* _Work task_
Locate, in the data below, the line that contains "大塚家具 新宿ショールーム20周年記念ムービー(渋谷MKビジョン)" and the line that contains "문무왕릉비 문무왕릉비의 하단, 금석문에만"; reproduce exactly those two lines and every line between them, nothing more.

* _Stored data_
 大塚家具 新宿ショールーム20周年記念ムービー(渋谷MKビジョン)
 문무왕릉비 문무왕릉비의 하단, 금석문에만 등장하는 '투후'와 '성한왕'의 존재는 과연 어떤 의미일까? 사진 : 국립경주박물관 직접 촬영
--
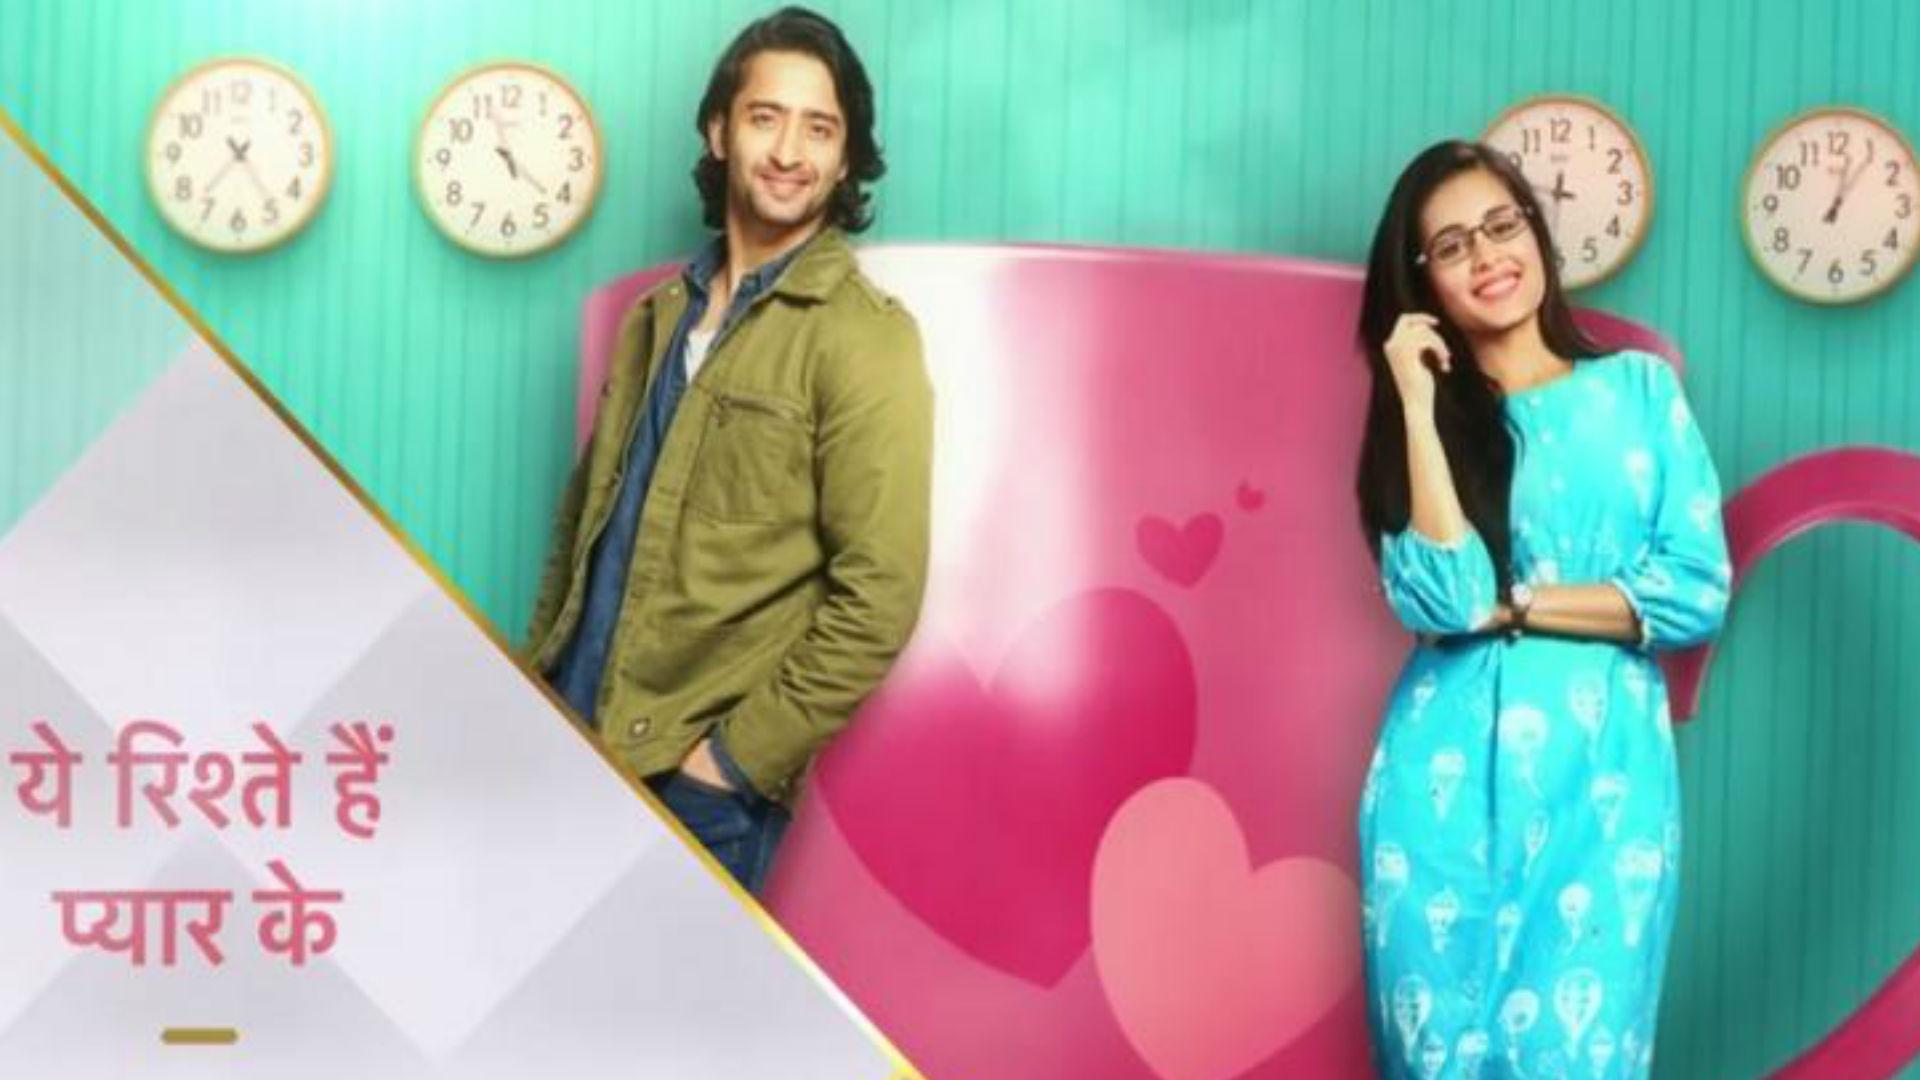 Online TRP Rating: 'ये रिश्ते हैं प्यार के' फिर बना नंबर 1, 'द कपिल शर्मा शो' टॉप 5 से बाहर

* _Your solution_
 大塚家具 新宿ショールーム20周年記念ムービー(渋谷MKビジョン)
 문무왕릉비 문무왕릉비의 하단, 금석문에만 등장하는 '투후'와 '성한왕'의 존재는 과연 어떤 의미일까? 사진 : 국립경주박물관 직접 촬영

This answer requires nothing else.